## INFORMATION SHOWN
════════════════

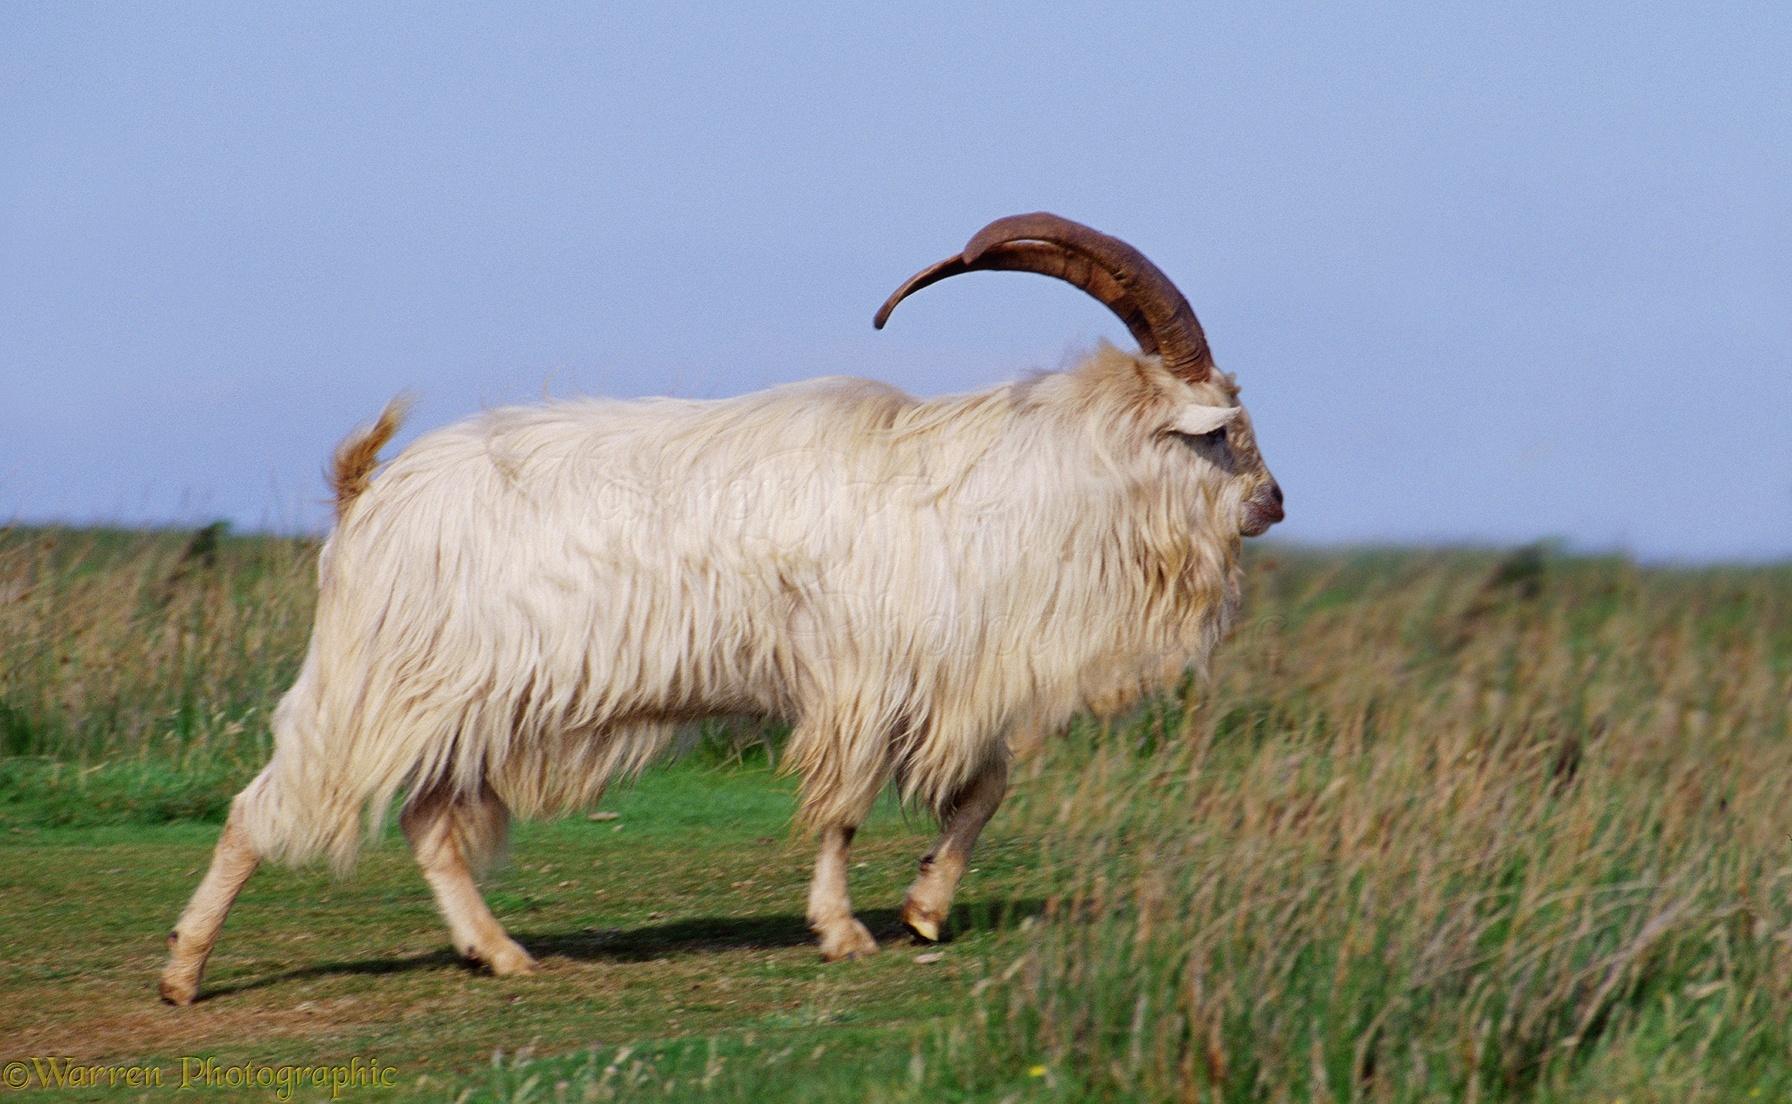 White Goat Photo Wp04072
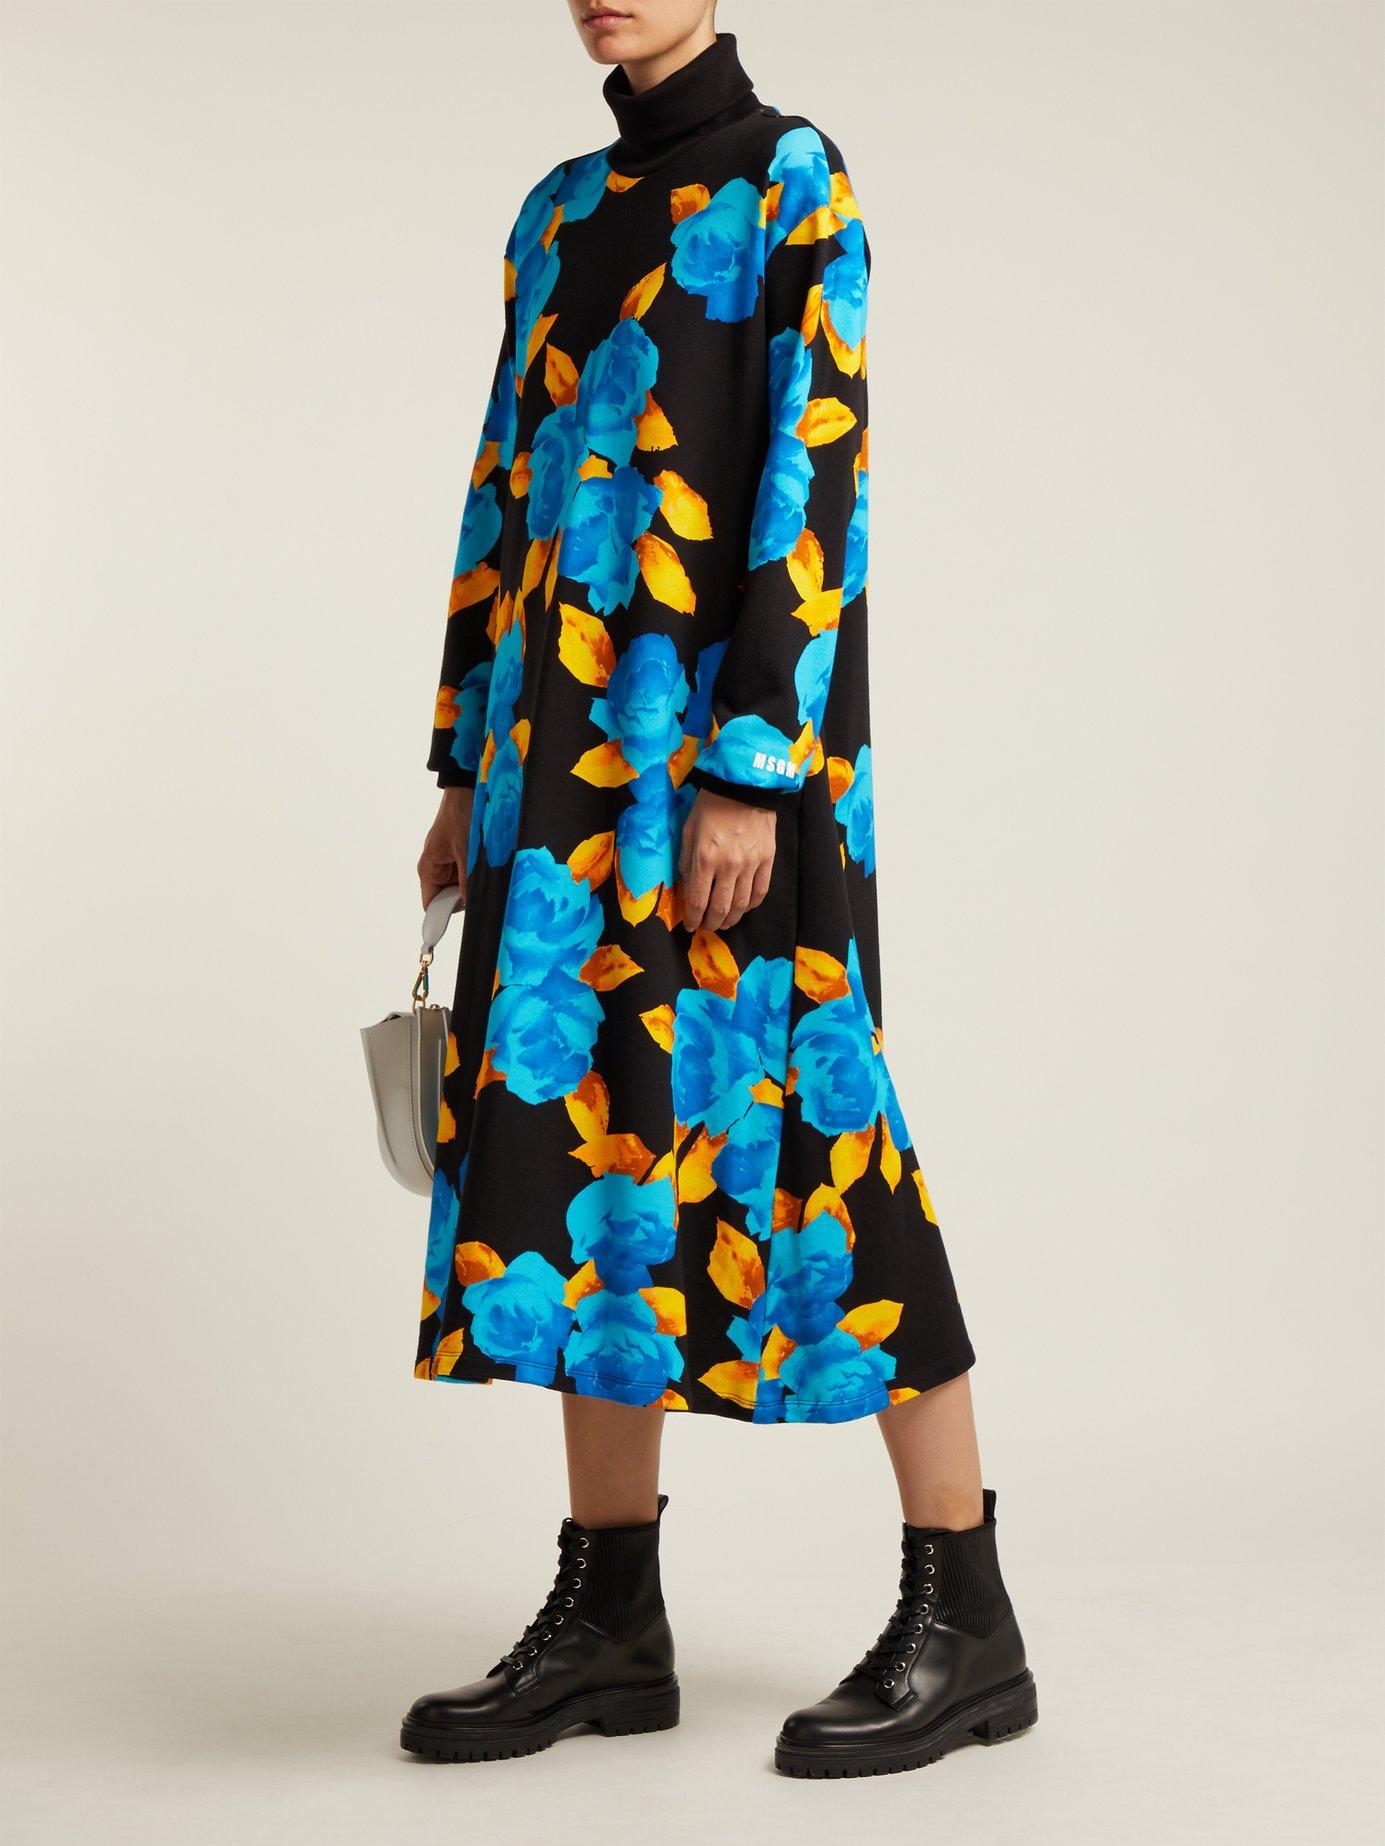 Floral-print cotton-jersey dress by Msgm
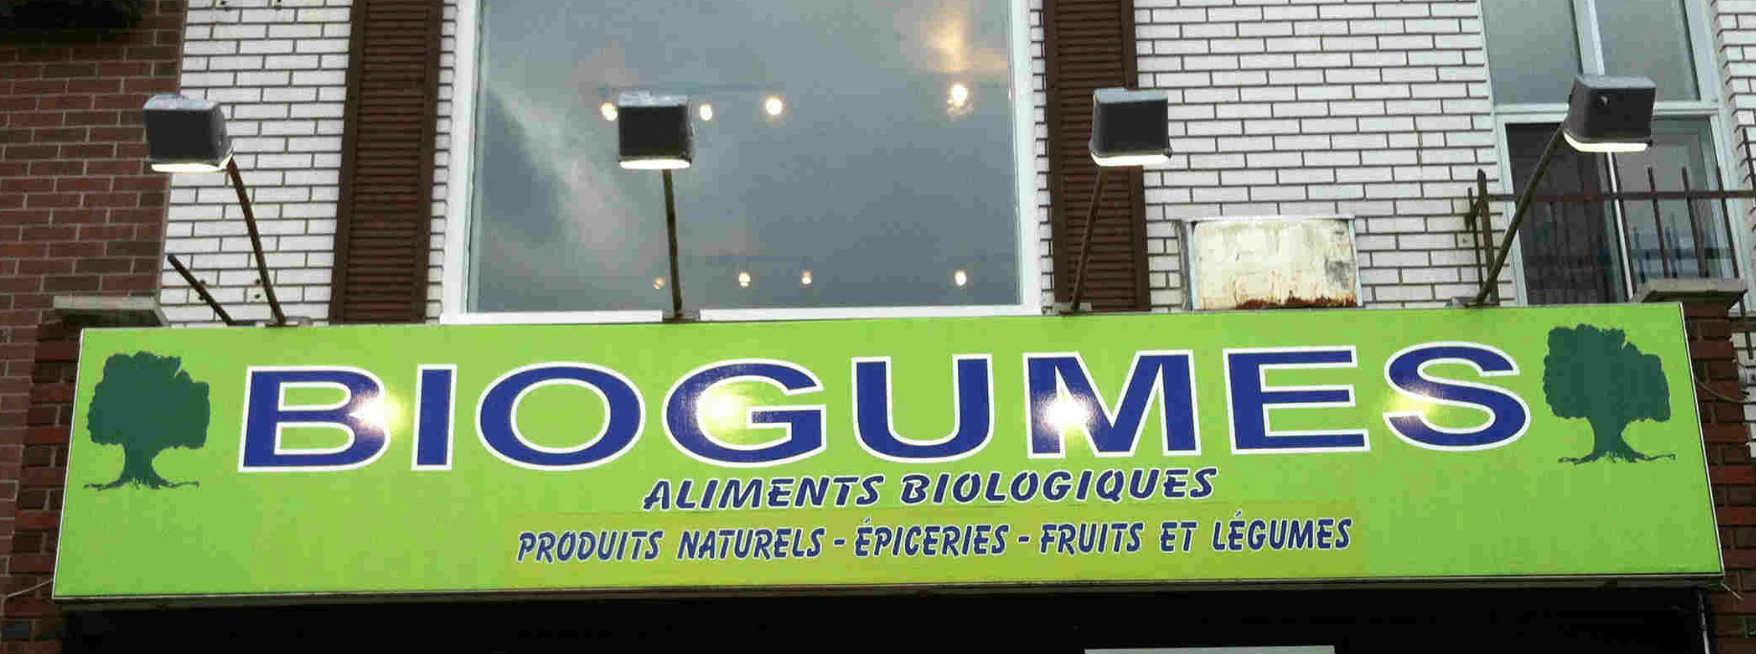 Des légumes bio ?
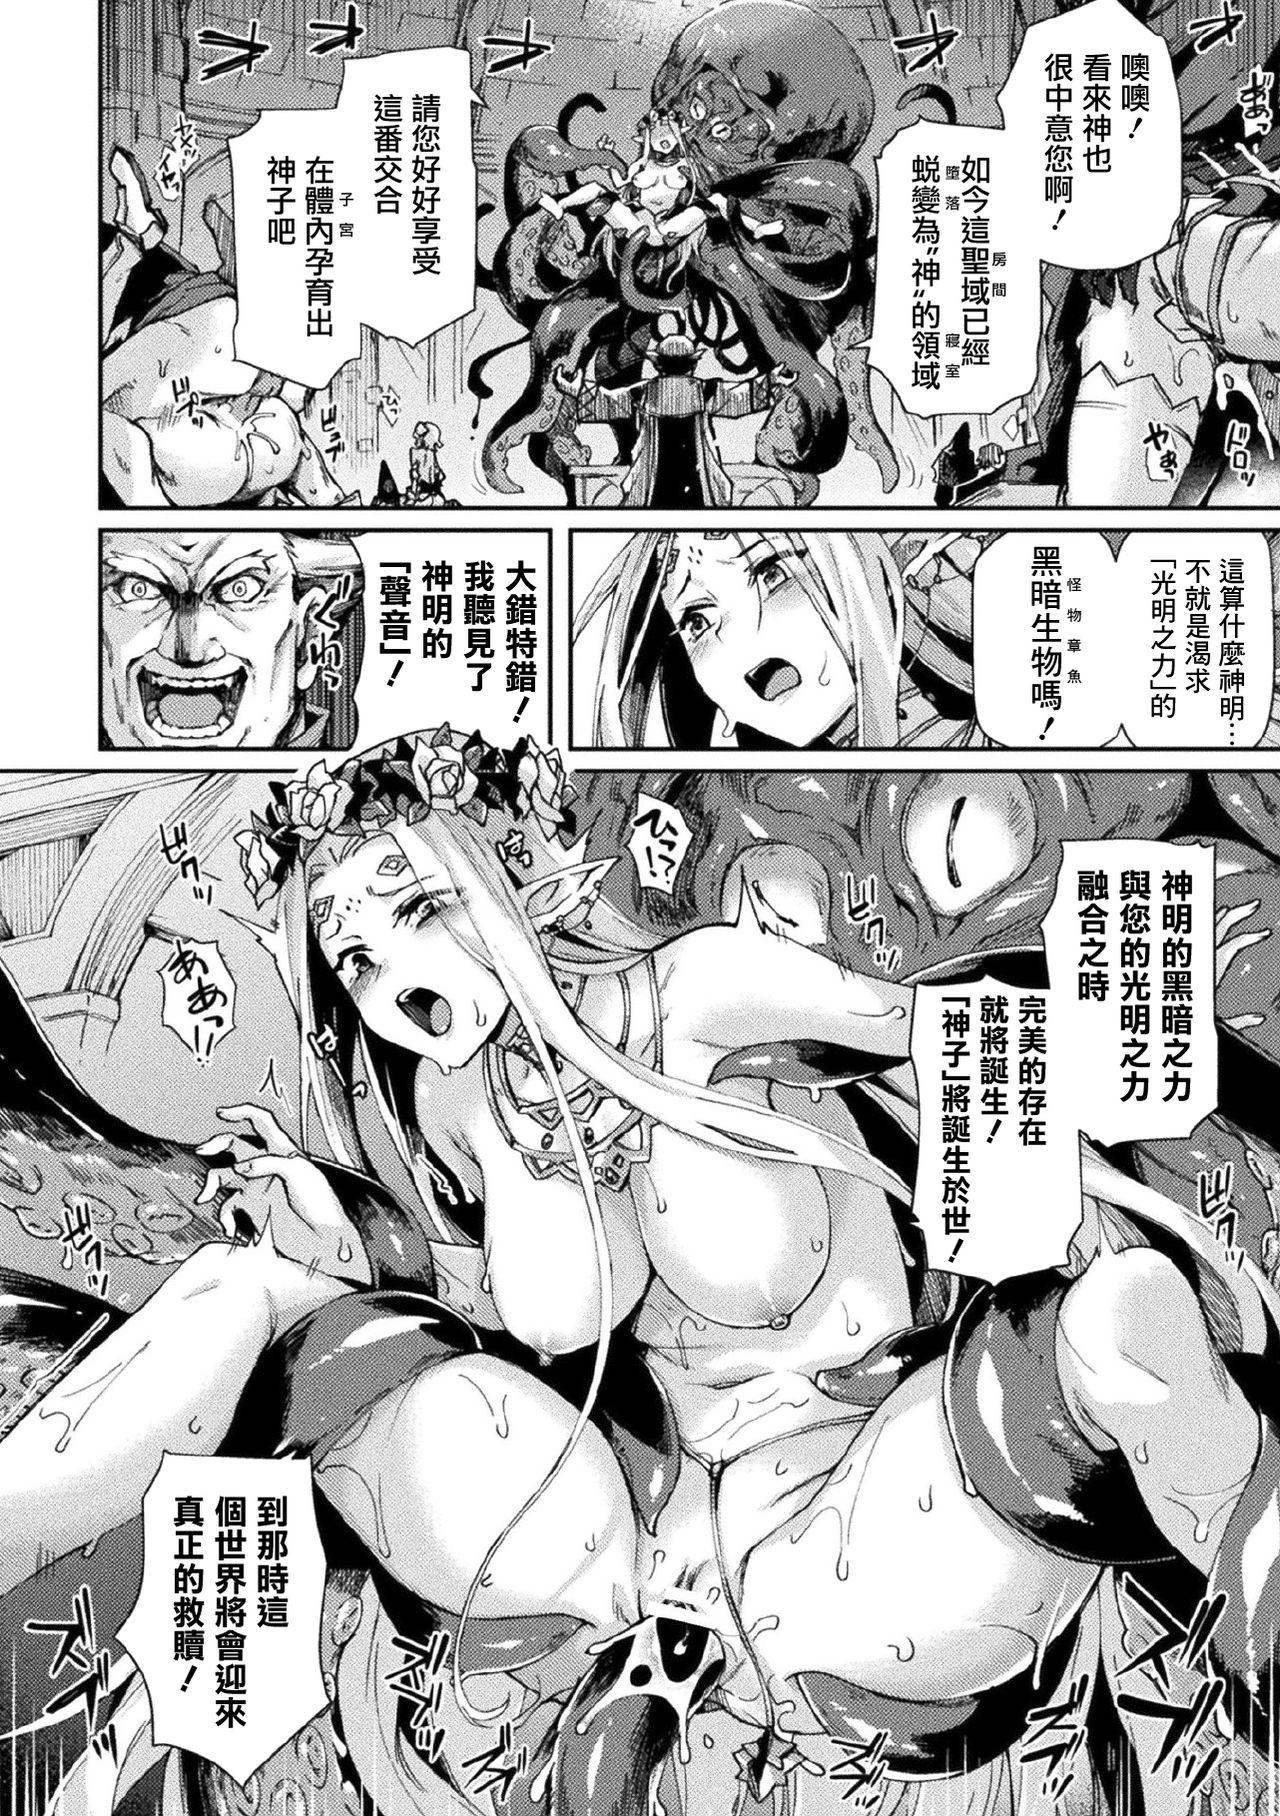 [Tsukitokage] Kuroinu II ~Inyoku ni Somaru Haitoku no Miyako, Futatabi~ THE COMIC Chapter 8 (Kukkoro Heroines Vol. 11) [Digital] [Chinese] [鬼畜王漢化組] [Digital] 12

════════════════

## WHAT YOU WILL DO
Please retype all of the material exactly, skipping whatever images it holds.

## SOLUTION TO THE PROBLEM
 White Goat Photo Wp04072
 Floral-print cotton-jersey dress by Msgm
 Des légumes bio ?
 [Tsukitokage] Kuroinu II ~Inyoku ni Somaru Haitoku no Miyako, Futatabi~ THE COMIC Chapter 8 (Kukkoro Heroines Vol. 11) [Digital] [Chinese] [鬼畜王漢化組] [Digital] 12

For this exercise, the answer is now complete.